虎の戦い
王都を囲まれながら信虎はご機嫌であった。
敵は大群。されどたぎる血潮は抑えられない。
魔物達が押し寄せてくる。矢が舞う。ゴブリンどもが倒れていく。されど魔物は止まらない。
後続に押され水堀が魔物で埋まっていく。
2つの水堀が魔物の水死体で埋まり、城壁に取り付いてくる。城門を破られれば王都はすぐに魔物で溢れるだろう。落石や油を使った火計で時間を稼ぐ。
狼煙が上がった。伏せていた小山田達が動き出す。
小山田の魔法により礫が魔物を打ち据える。
頭蓋を砕かれ手足をもがれる。
コモン「米倉重純」が槍を振るう。
気付いていない魔物を後ろから殺し、次の獲物も殺す。飯富道悦も魔物を打ち倒していく。
後背から襲われた魔物は混乱し始める。
その時雄叫びがあがる。
群れを指揮しているオーガジェネラルだ。
混乱を静めようとしている。
「見つけた!!」
愛馬「鬼鹿毛」を駈り敵を蹴散らし愛刀で頸を刈る。一閃。
魔物達は一斉に逃げ出す。
刀を降り下ろし号令を出す。
「追撃じゃ!!」
狩りが始まる。
信虎に撃ち破られた魔物達が戻る先に本隊がいる。
そう考えた荻原達は追跡調査をしていた。
その目に飛び込んできたのは陣である。
森や丘も埋め尽くしている。
さらに巨大な魔物、空を飛ぶ魔物までいる。
その数は20万を下るまい。
さらに先程のように万を超える群れを派遣しているのだ。
「これは勝てぬ。」
荻原が呟く。有利な地に引き込み策を労しても将や兵がいなくては何もできない。
コモン「多田常昌」を大日本帝国への急使として派遣し、急いでコトノ王国に戻る。
この時点で魔物が10万を超えると知ったのは荻原達だけであった。他国の認識は『強い魔物に率いられた5万程度の大群』であり、大国が動けばすぐに片付くと考えていた。

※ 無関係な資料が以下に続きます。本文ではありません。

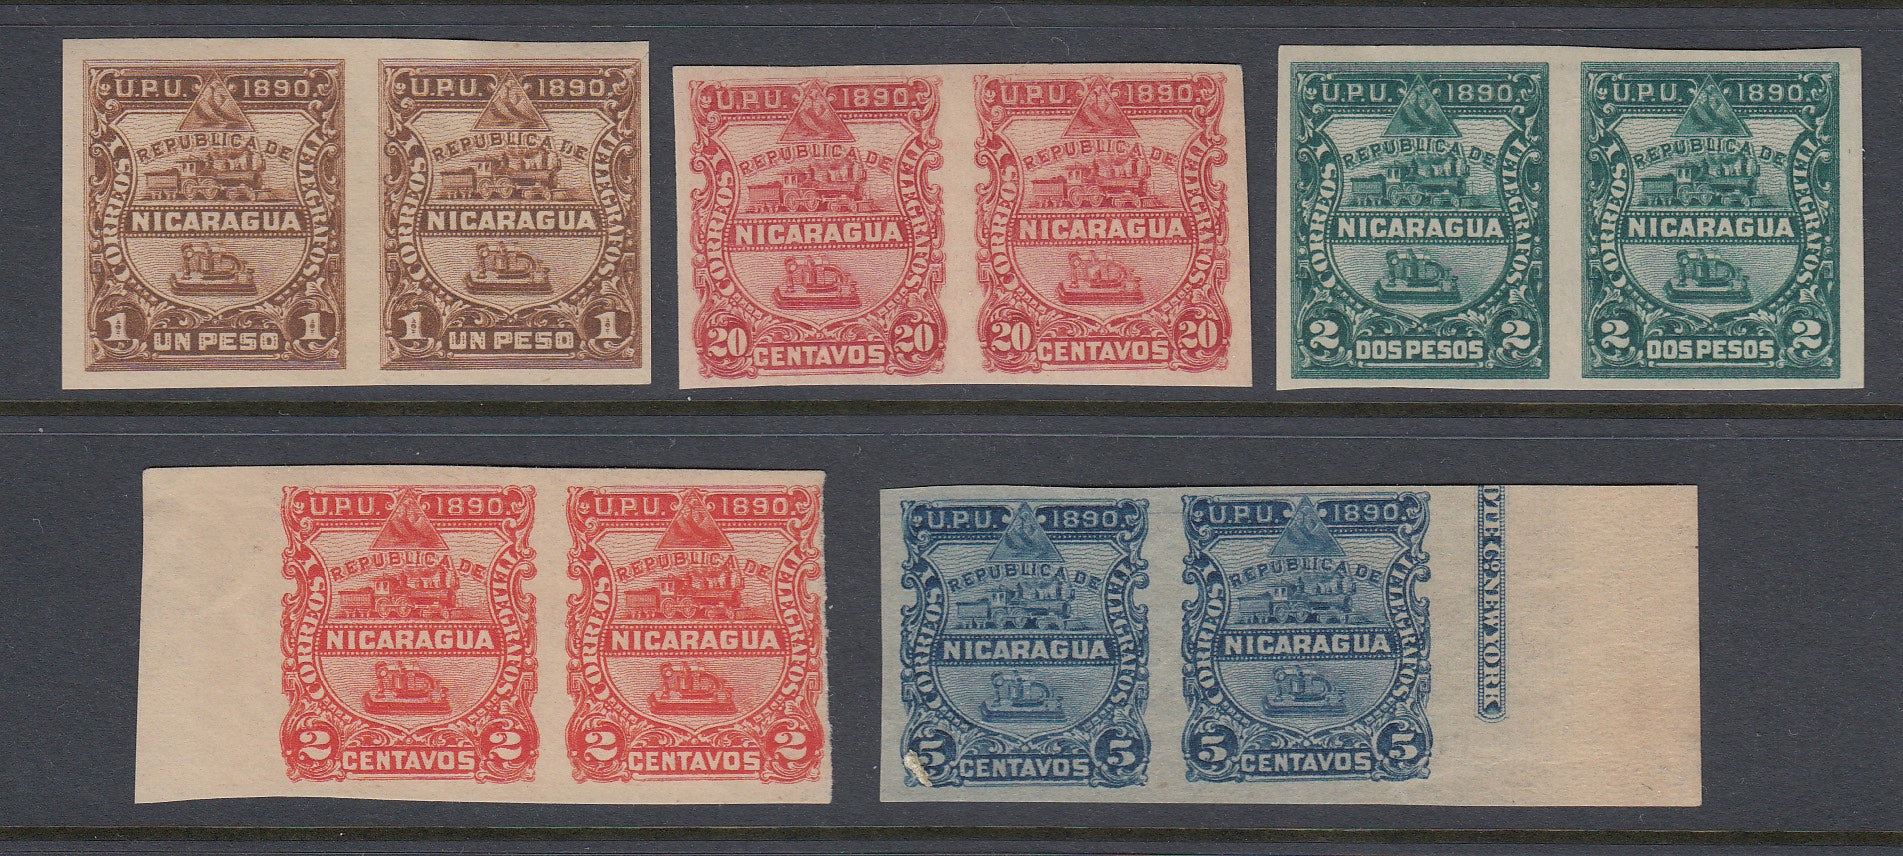 Nicaragua 1890 Imperf Proof Pairs in Issued Colors VLM Mint. Scott 21-27 var

ムスラ王国は対死者を宿老アンデルンに任せ、王族・貴族は東にある城塞都市に移り大将軍パーカーが内政、外交を一手に引き受けていた。
ムスラ王国の面子のために他国に援軍を求める事はできない。さらにムスラ東部にいた魔物を駆逐したら隣に大日本帝国という国ができていた。
国境には数千の兵はいるようだ。
こちらも5000の兵を対峙させる。
動きを封じてから外交に持ち込む。
友好関係を築きムスラの益となる同盟を結ぶ。
ムスラ王国の再興は難しくないはずであった。